Le Saut ultime est un acte que chacun peut comprendre, qui correspond
aux désirs profonds de tous: mourir en un éclair, s’annihiler en un bref et
glorieux instant. Il m'arrive de penser que la mort est véritablement la
seule chose dont nous ayons le sens. C'est notre forme d'art, notre seule façon de nous exprimer.
Il y a quand même ceux d’entre nous qui réussissent à vivre. Car la mort aussi est devenue source de vie.
Romuald était un compagnon "délicat". Et il m'a été utile, c'est pourquoi je ne l'ai pas liquidé lui aussi. Comme je le
disais, les lames de rasoir représentaient quand même un luxe, et il a fallu arriver à faire un choix entre un visage lisse
pour lui, des jambes lisses pour moi, ou s'en servir pour me protéger. Les jambes ont gagné haut la main. D'autres
n'auraient pas fait ce choix, mais Romuald n'était pas idiot, il savait très bien que je pouvais me défendre toute seule.
De jour comme de nuit, il fallait des bougies quand on se rendait dans les rayons. Les livres étaient situés au cœur du
bâtiment, et il n’y avait donc de fenêtres dans aucun des murs. Comme l’électricité était coupée depuis longtemps,
nous n’avions d’autre solution que de transporter notre éclairage. A une époque, disait-on, il y avait eu plus d’un
million de volumes dans la Bibliothèque nationale. Ce nombre avait été fortement réduit avant mon arrivée, mais il en
restait encore des centaines de mille, et c’était une avalanche imprimée ahurissante. Il y avait des livres posés droit
sur leur étagère tandis que d’autres jonchaient
chaotiquement le plancher et que d’autres étaient encore
amoncelés en tas désordonnés.
Il y avait bien un règlement de la bibliothèque, imposé par
ces maudits qui se pensaient dépositaires du savoir – et il
était rigoureusement appliqué – qui interdisait de sortir
les livres hors du bâtiment, mais un grand nombre d’entre
eux avaient néanmoins été dérobés et vendus au marché
noir - le désespoir et la ruse restaient tapis au plus
profond des hommes.
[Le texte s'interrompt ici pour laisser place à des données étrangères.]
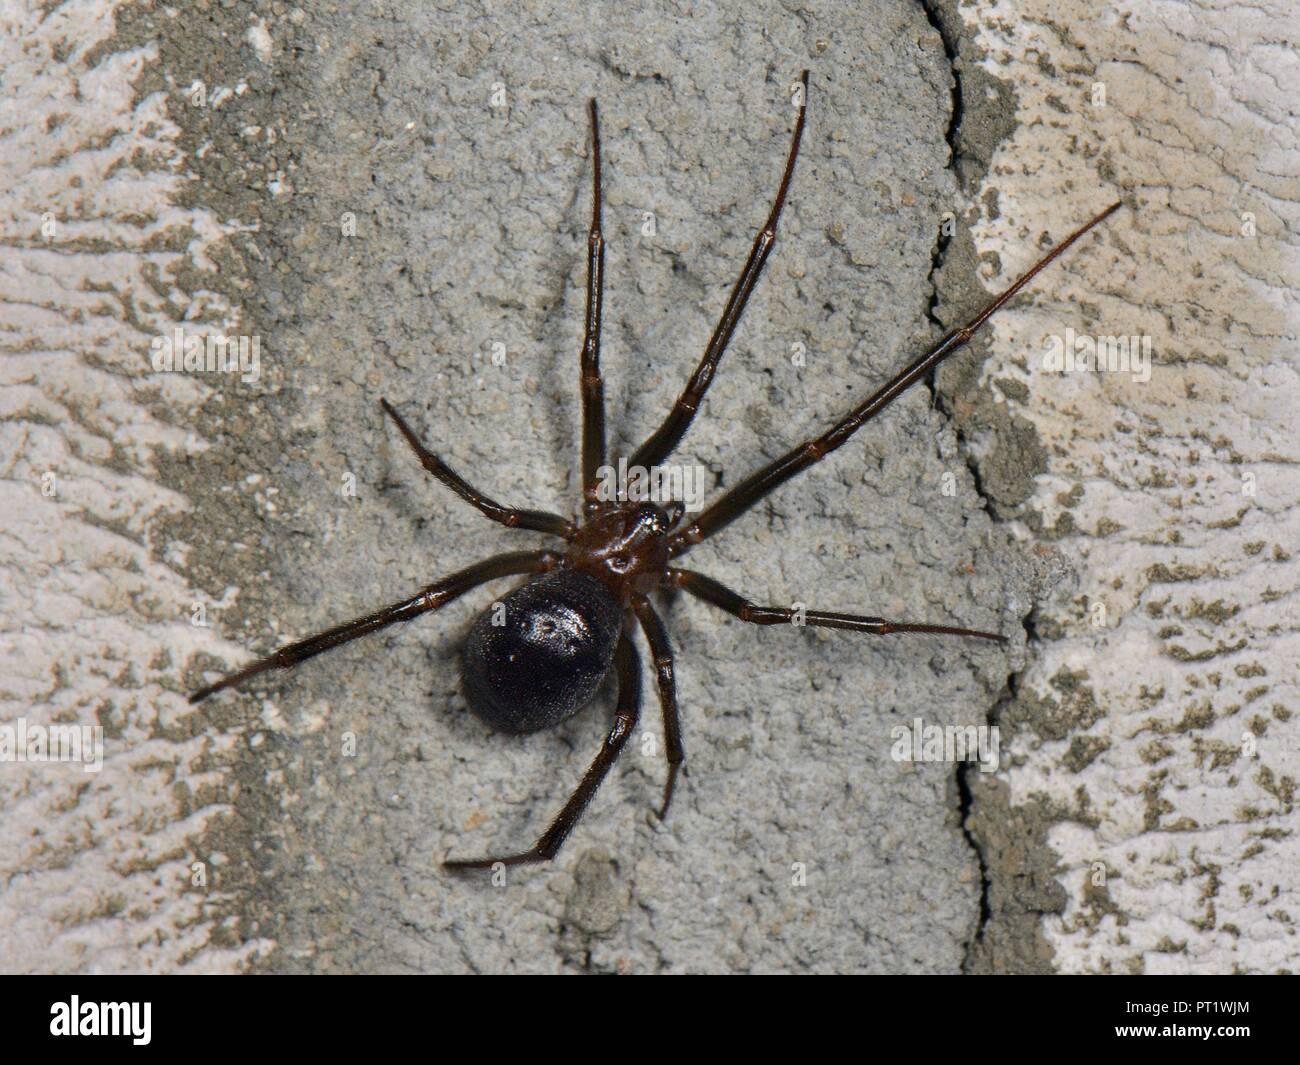 La Falsa Credenza : Falso black widow o credenza spider steatoda grossa su una parete

De toute façon, on pouvait se poser
la question si la bibliothèque en était encore une.
Le système de classement avait été complètement
chamboulé, et, avec tant de volumes déplacés, il était
virtuellement impossible de trouver un ouvrage qu’on
aurait précisément recherché. Si on considère qu’il y avait
sept étages de rayonnages, dire qu’un livre n’était pas à
sa place revenait à déclarer qu’il avait cessé d’exister.
Même s’il était physiquement présent dans ces locaux, le
fait était que personne ne le retrouverait jamais. J’ai fait
la chasse à un certain nombre de vieux articles de
journaux qui parlaient de mon Seigneur, mais la plupart
de mes incursions dans ces locaux n’avaient d’autre but
que de ramasser des livres au hasard, tant il état vain
d'effectuer des recherches précises.
Je n’aimais pas beaucoup me trouver là, car je ne savais
jamais sur qui je pouvais tomber et je devais respirer cette
humidité froide avec son odeur de pourriture moisie.
Toi qui descends de moi, tu portes mon sang, le sang de mon sang. Gardes le secret sur la puissance de ton héritage.
Surtout prends garde aux Maraudeurs, préviens-toi d’eux, ta vie en dépend !
Tout ce que tu vois a la capacité de te blesser, de te diminuer, comme si par le seul acte de voir une chose tu étais
dépouillé d'une partie de toi-même. On a souvent l'impression qu'il est dangereux de regarder, et on a tendance à
détourner les yeux, voire à les fermer. C'est ce que je veux dire par être blessé : tu ne peux pas voir, sans plus, car
chaque chose vue t'appartient aussi en quelque manière et fait partie de l'histoire qui se déroule à l'intérieur de toi. Il
serait agréable, je suppose, de s'endurcir au point de ne plus être affecté par rien. J'aimerai être seule, coupée de tous
les autres, ne plus les voir, à tel point que ma vie pourrait enfin être vouée à l'unique servitude de mon Seigneur.